關于從連接的資料框中管理重復列有幾個很好的答案,例如(如何在連接后避免重復列?),但是如果我只是向 DataFrame 顯示了我必須處理的重復列,該怎么辦。我無法控制導致這一點的程序。
我擁有的:
val data = Seq((1,2),(3,4)).toDF("a","a")
data.show
--- ---
| a| a|
--- ---
| 1| 2|
| 3| 4|
--- ---
我想要的是:
--- ---
| a|a_2|
--- ---
| 1| 2|
| 3| 4|
--- ---
withColumnRenamed("a","a_2") 不起作用,原因很明顯。
uj5u.com熱心網友回復:
我發現這樣做的最簡單方法是:
val data = Seq((1,2),(3,4)).toDF("a","a")
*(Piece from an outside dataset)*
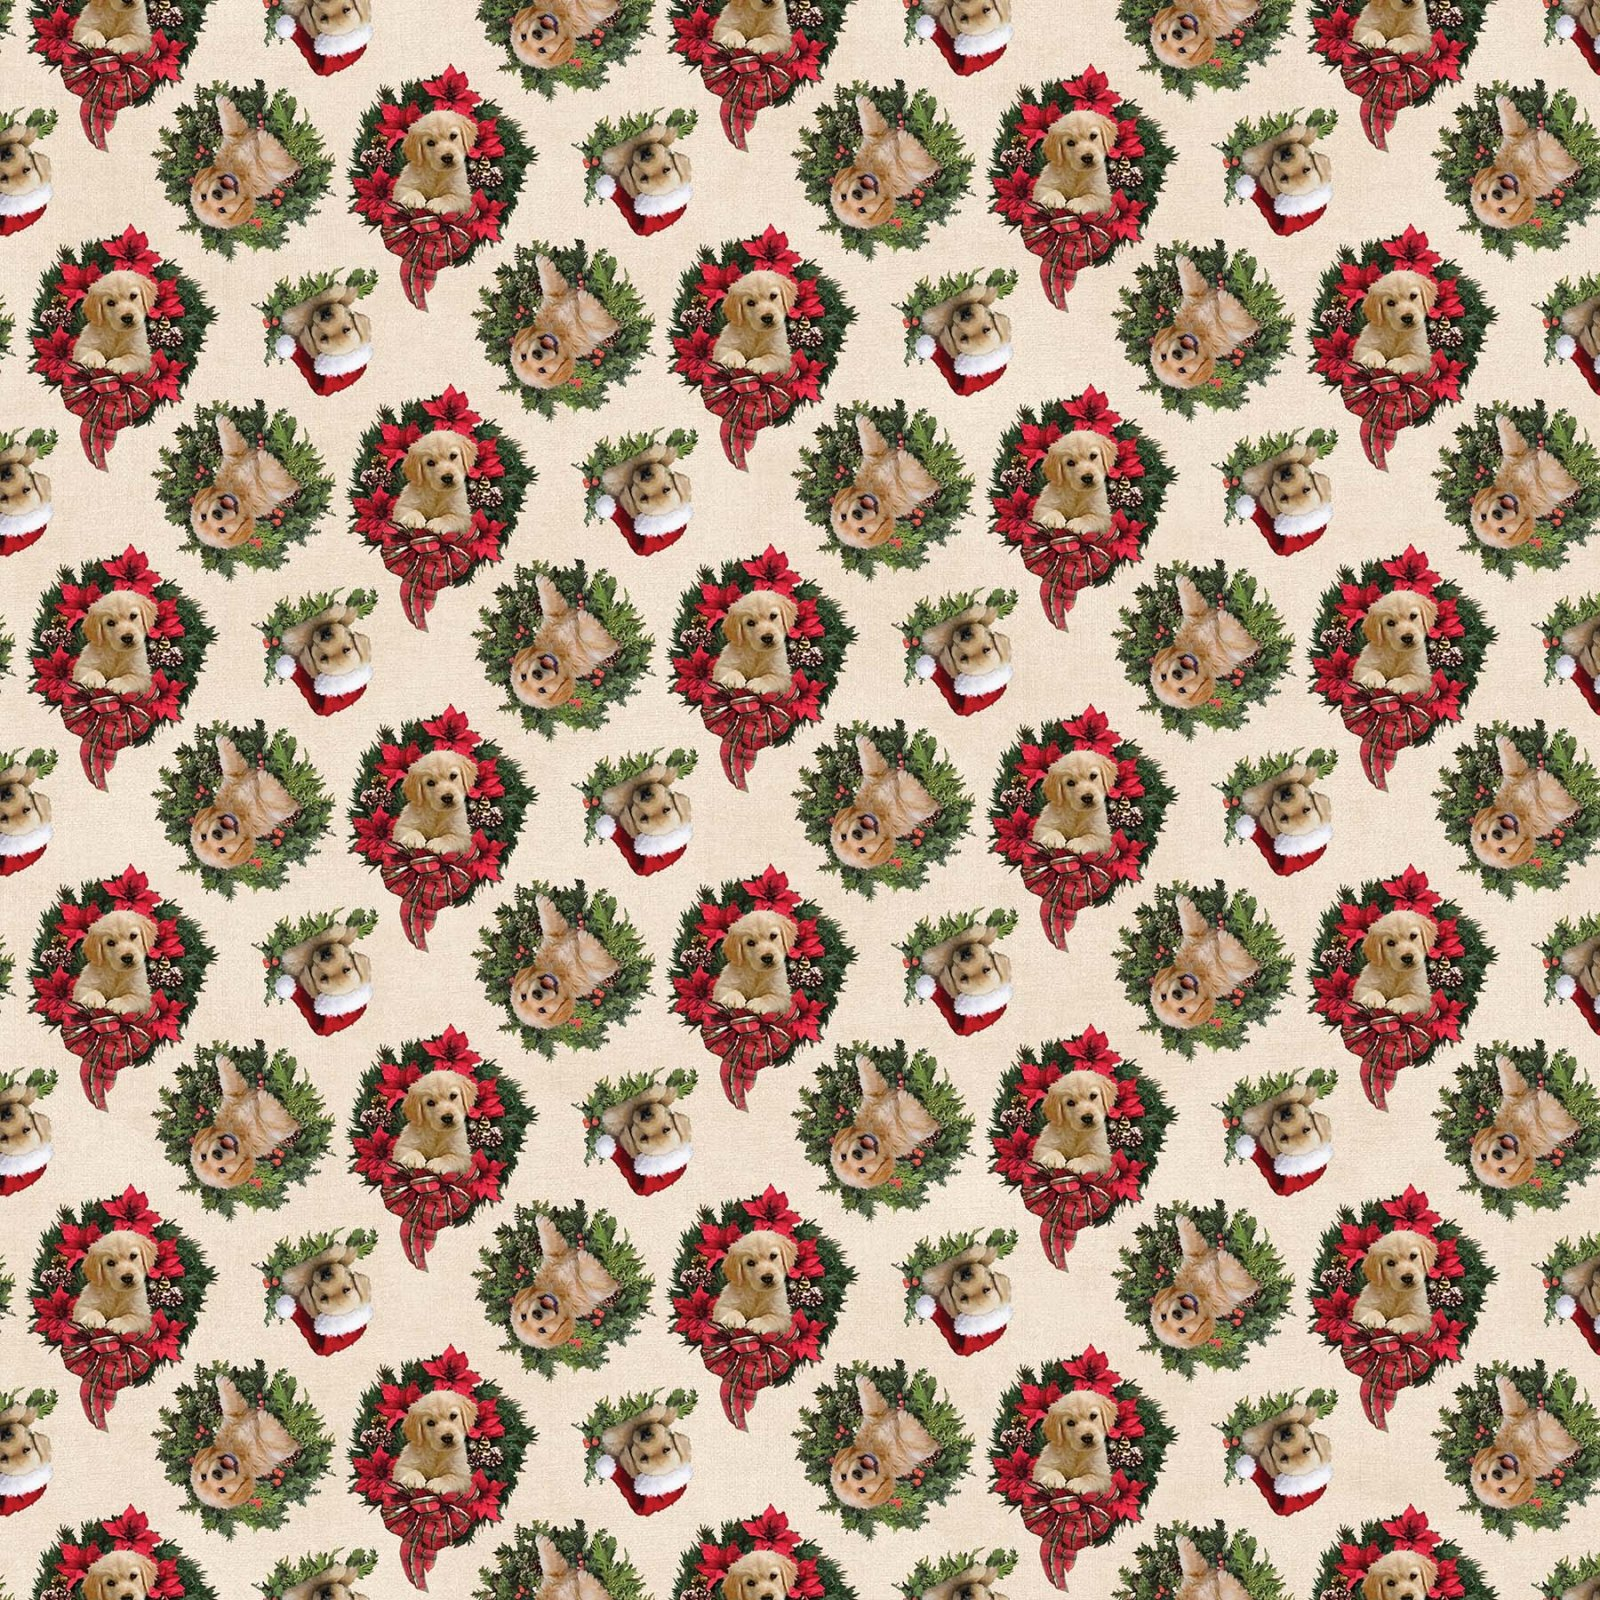 Santa's Helpers  DP23539-11

val deduped = data.toDF("a","a_2")
deduped.show
--- ---
| a|a_2|
--- ---
| 1| 2|
| 3| 4|
--- ---
對于更通用的解決方案:
val data = Seq(
(1,2,3,4,5,6,7,8),
(9,0,1,2,3,4,5,6)
).toDF("a","b","c","a","d","b","e","b")
data.show
--- --- --- --- --- --- --- ---
| a| b| c| a| d| b| e| b|
--- --- --- --- --- --- --- ---
| 1| 2| 3| 4| 5| 6| 7| 8|
| 9| 0| 1| 2| 3| 4| 5| 6|
--- --- --- --- --- --- --- ---
import scala.annotation.tailrec
def dedupeColumnNames(df: DataFrame): DataFrame = {
@tailrec
def dedupe(fixed_columns: List[String], columns: List[String]): List[String] = {
if (columns.isEmpty) fixed_columns
else {
val count = columns.groupBy(identity).mapValues(_.size)(columns.head)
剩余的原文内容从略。